Inhibition of Phosphatidylinositol 3′-Kinase/AKT Signaling Promotes Apoptosis of Primary Effusion Lymphoma Cells

Primary effusion lymphoma (PEL) is a subtype of non-Hodgkin's B-cell lymphoma that mainly presents in patients with advanced AIDS but is sometimes also found in HIV-negative individuals (1, 2). PEL grows as a lymphomatous effusion in body cavities and is always associated with Kaposi sarcoma–associated herpes virus (KSHV/HHV8). Most cases also show dual infection with EBV (EBV/HHV4; ref. 3). Pleural and abdominal effusions from patients with AIDS-PEL contain a number of cytokines (4, 5), which serve as autocrine growth factors for PELs. Interleukin 10 (IL-10) has been reported to serve as an autocrine growth factor for AIDS-related B-cell lymphoma (6). Recently, it has also been shown that PEL cells use viral IL-6 and IL-10 in an autocrine fashion for their survival and proliferation (4). Most PELs become resistant against the conventional chemotherapeutic agents.

KSHV protein K1 has been shown to regulate a number of survival proteins. Studies have shown that K1 transgenic mice have constitutive activation of nuclear factor κB and Oct-2 as well as activation of Src-kinase Lyn (7). Furthermore, K1 protein activates phosphatidylinositol 3′-kinase (PI3′-kinase/AKT) signaling pathway in B lymphocytes (8). AKT has been shown a target of a number of other transforming viral proteins including SV40 large and small T antigens, LMP1 and LMP2A (9–13). G protein–coupled receptor (vGPCR) of KSHV has been shown to transform cells by targeting AKT kinase (14–17). A recent study by Cannon and Cesarman has shown that vGPCR induces activation of AP1 and cAMP-responsive element-binding protein in PEL cells (18). Furthermore, KSHV infection in PEL leads to the activation of nuclear factor κB, which plays a vital role in the survival of these cells (19).

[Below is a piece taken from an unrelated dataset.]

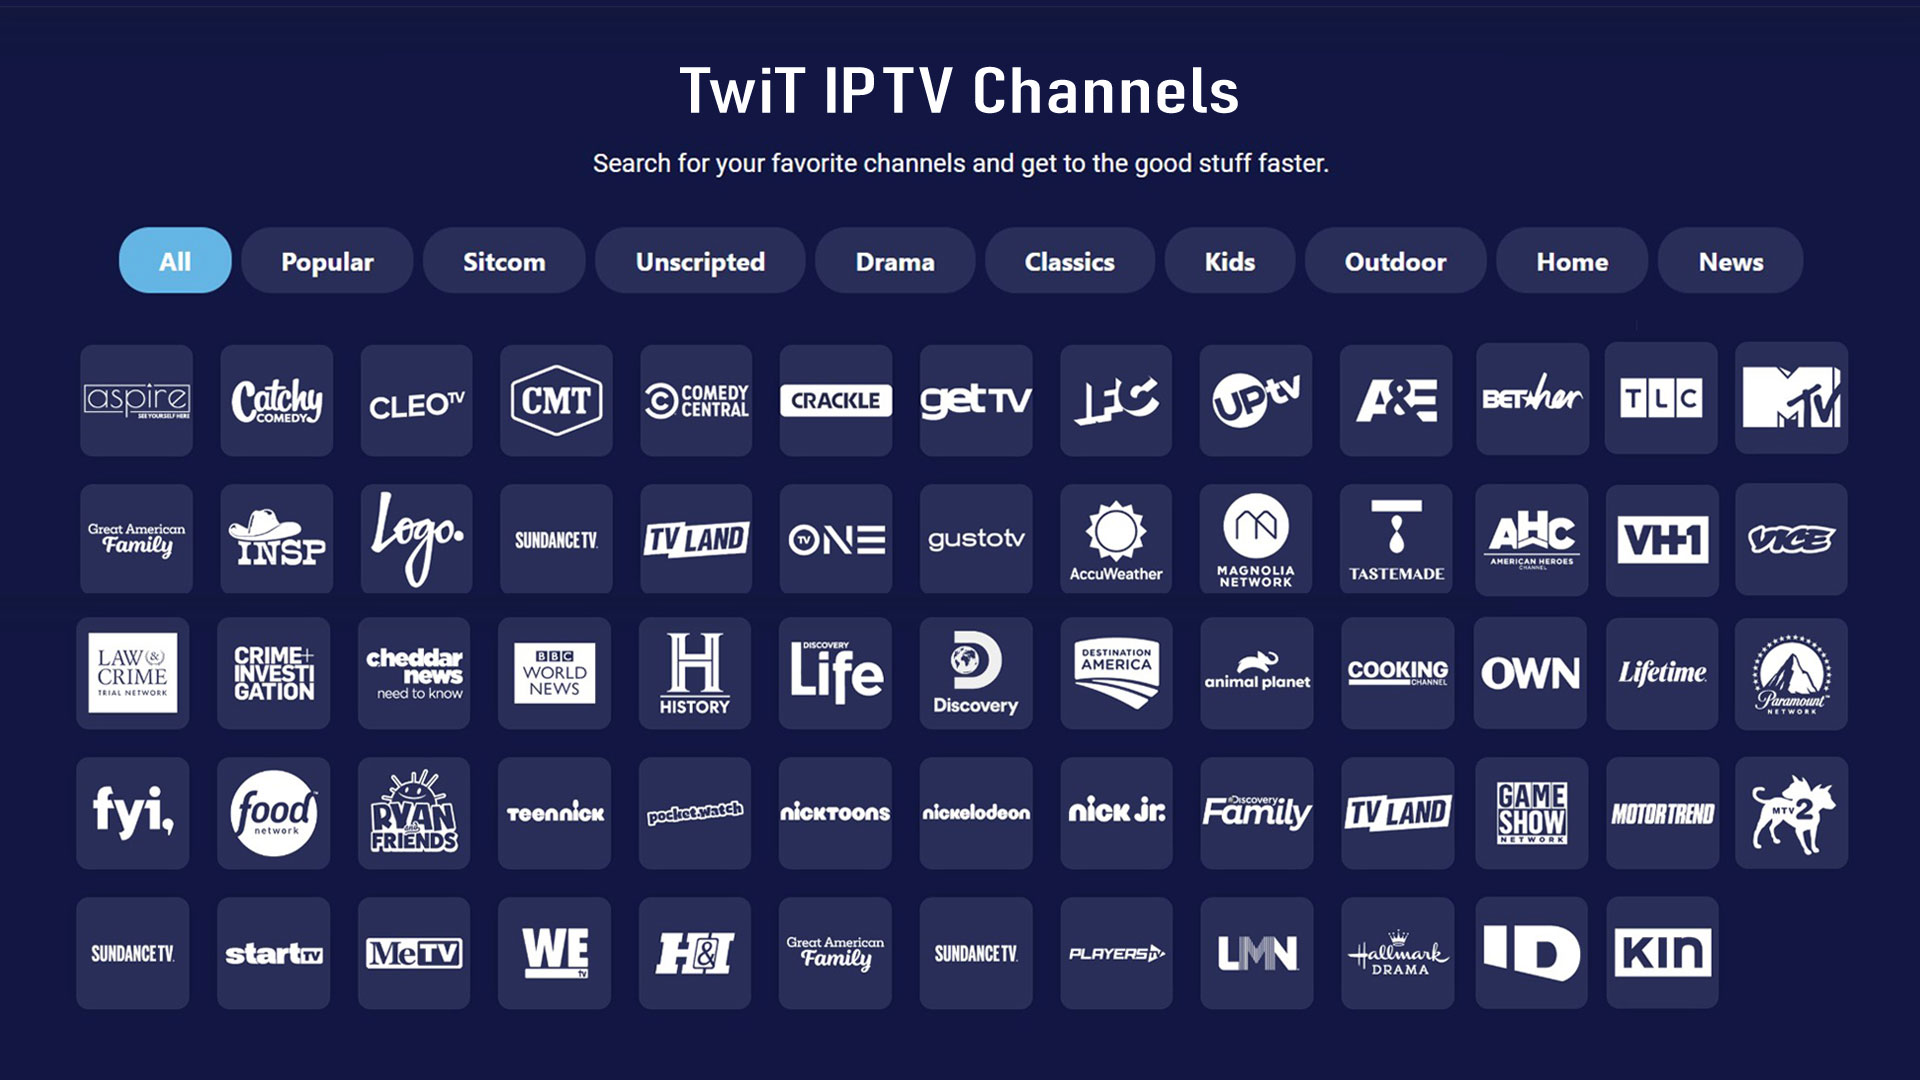 Twit IPTV channels
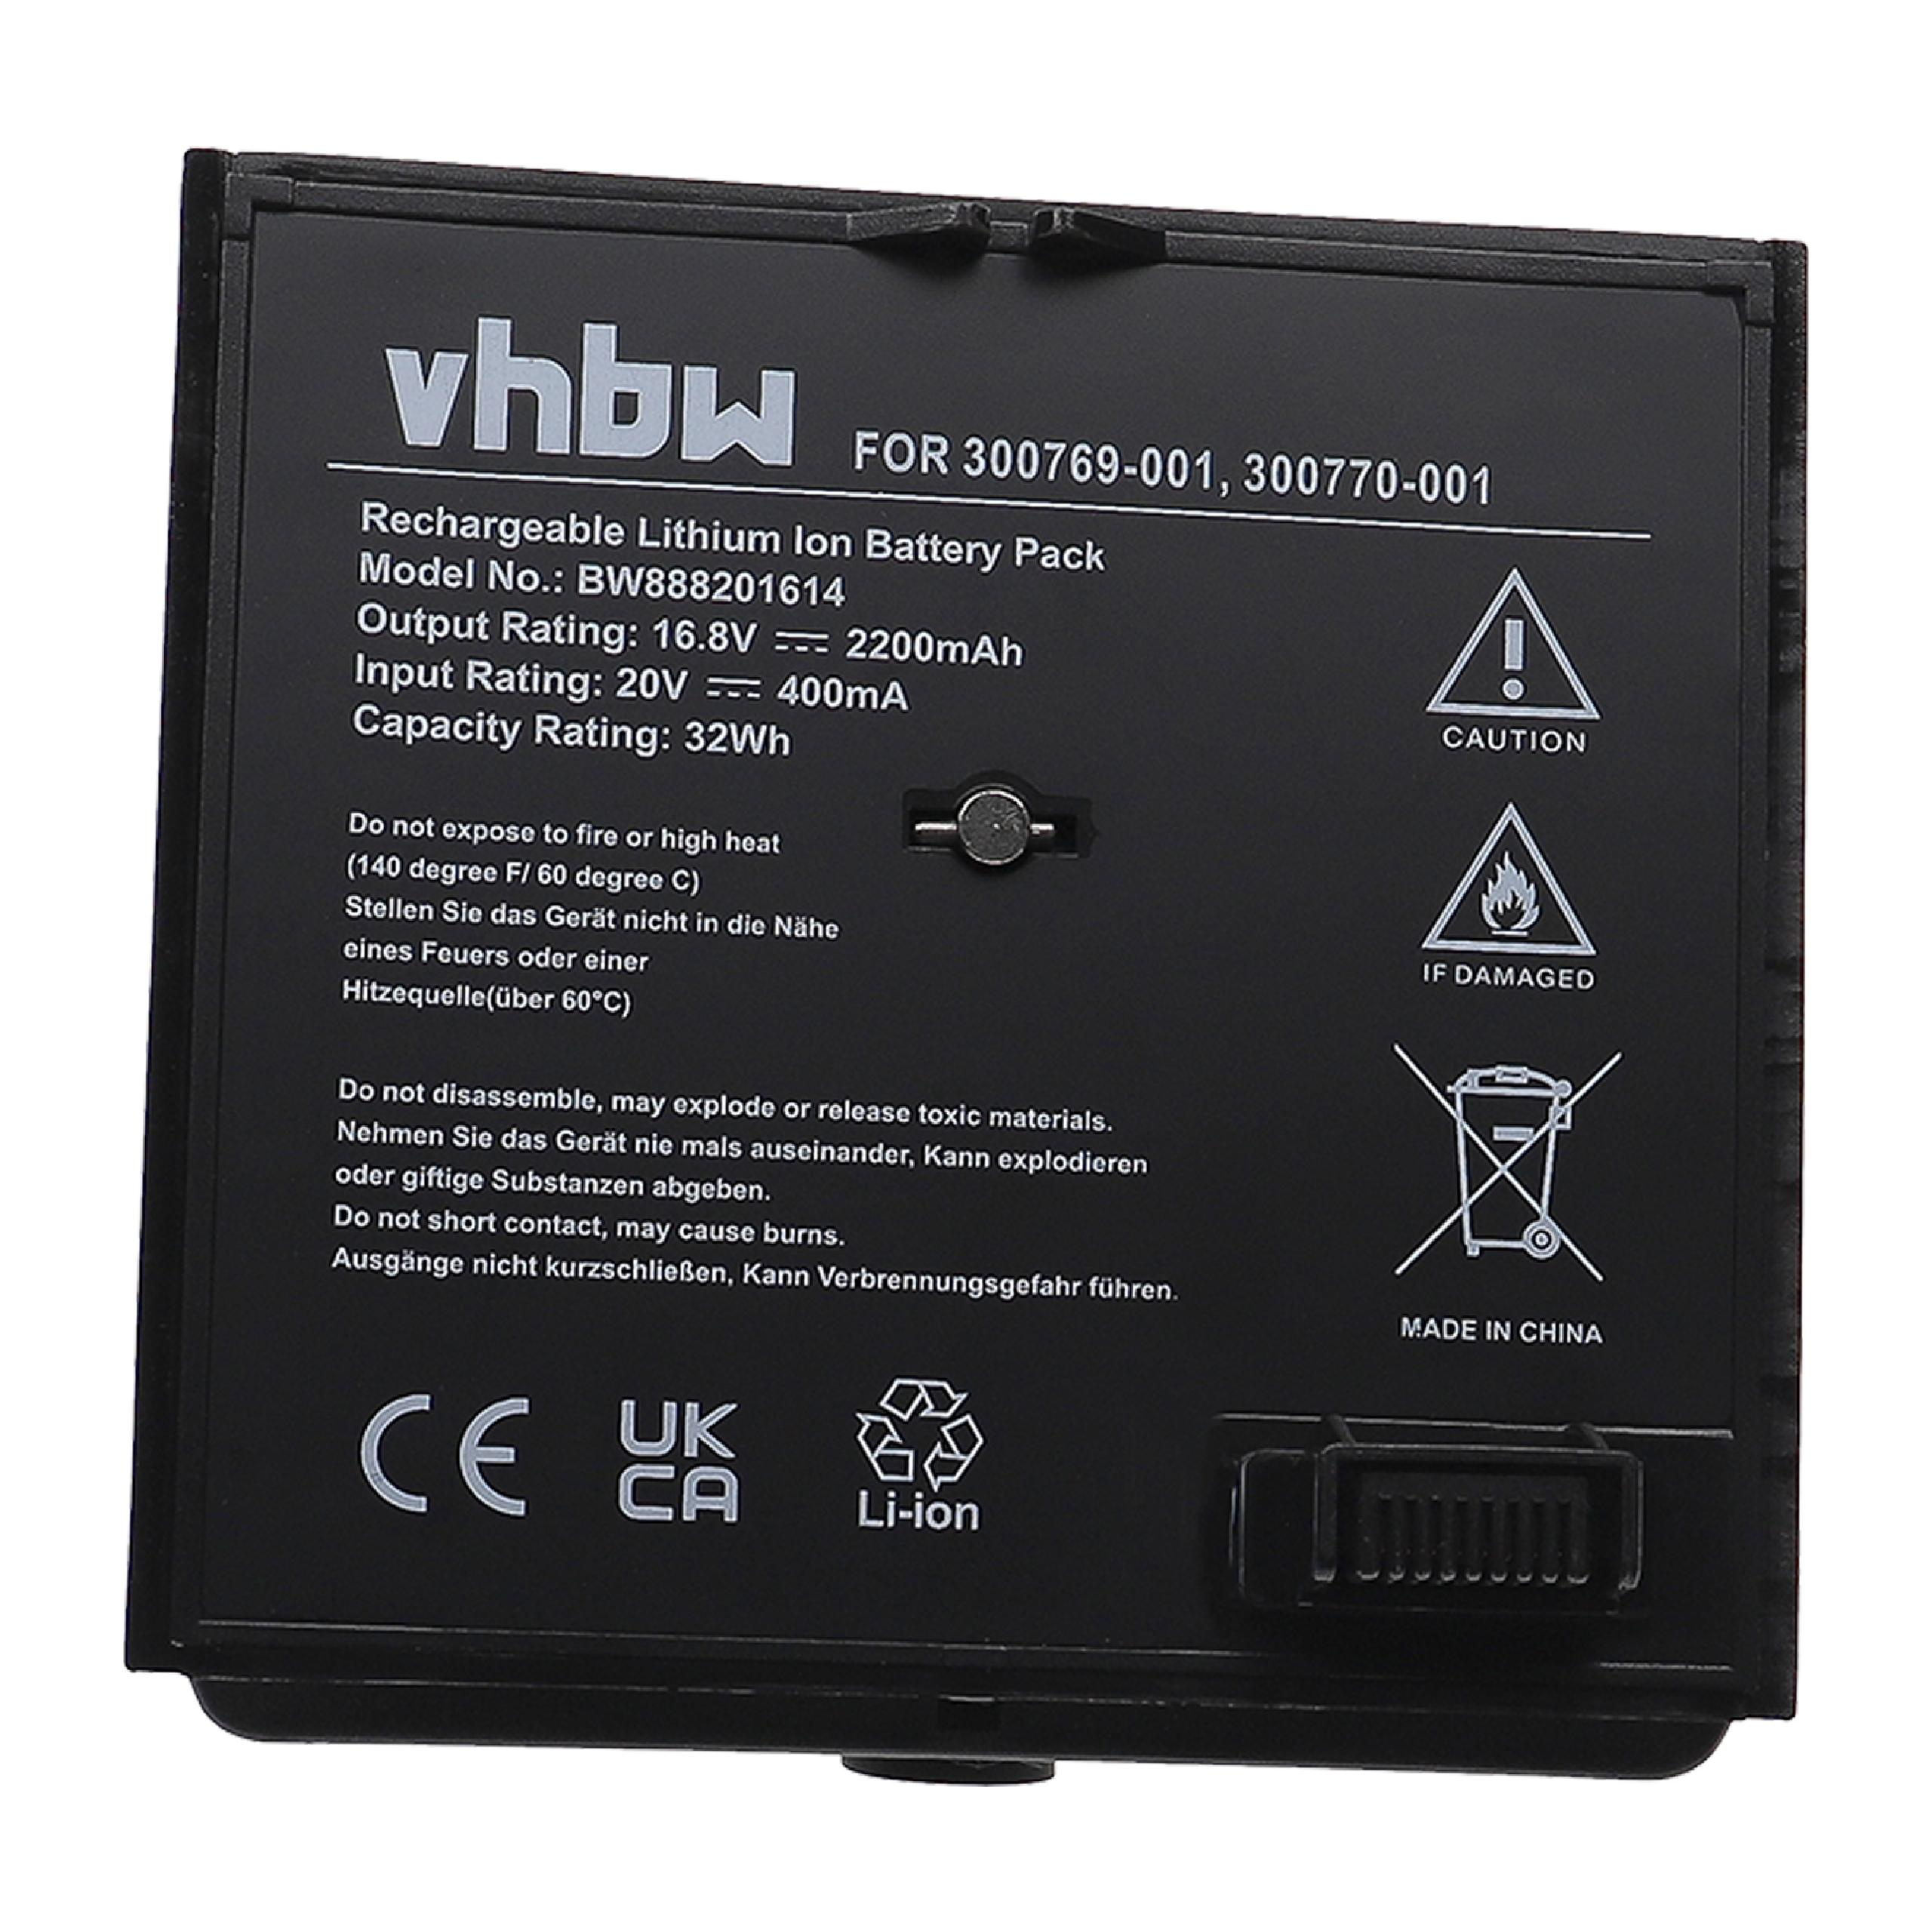 SoundLink VHBW Akku Air kompatibel 2200 mit Li-Ion - Lautsprecher, Bose Volt, 16.8

Considerable evidence shows a role of PI3′-kinase/AKT signaling in oncogenic transformation and cancer progression (20). Deregulated PI3′-kinase signaling also provides attractive targets for therapy (21, 22). AKT prevents apoptosis by generating antiapoptotic signals through phosphorylation of Bad, GSK3, and caspase-9 and activation of transcriptional factors such as Forkhead (FOXO1) and nuclear factor κB (23–27). These functions of PI3′-kinase make it a potential target for chemotherapeutic agents. Indeed, PI3′-kinase pathway inhibitors are already in early clinical trials.

In this study, we show for the first time that the PI3′-kinase/AKT pathway is constitutively activated in several PEL cell lines. Inhibition of PI3′-kinase activity by LY294002 not only caused dephosphorylation of basal levels of AKT, GSK3, and FKHR but also induced apoptosis in most PEL cell lines. Apoptosis occurred through release of cytochrome c from the mitochondria, activation of caspase-9 and caspase-3, and down-regulation of the inhibitor of apoptosis, XIAP.

Cell culture. Human primary effusion lymphoma cell lines established from lymphomatous effusion from patients with body cavity–based lymphomas, BC1, BC3, BCBL1, BCP1, and HBL6 were used. Cells were cultured in RPMI 1640 supplemented with 10% (v/v) fetal bovine serum, 100 units/mL penicillin, and 100 units/mL streptomycin at 37°C in an humidified atmosphere containing 5% CO_2. All PEL cell lines are infected with HHV8 and BC1 and HBL6 are also infected with EBV. These cell lines have been thoroughly characterized for immunophenotypic expression and genetic lesions (3–5).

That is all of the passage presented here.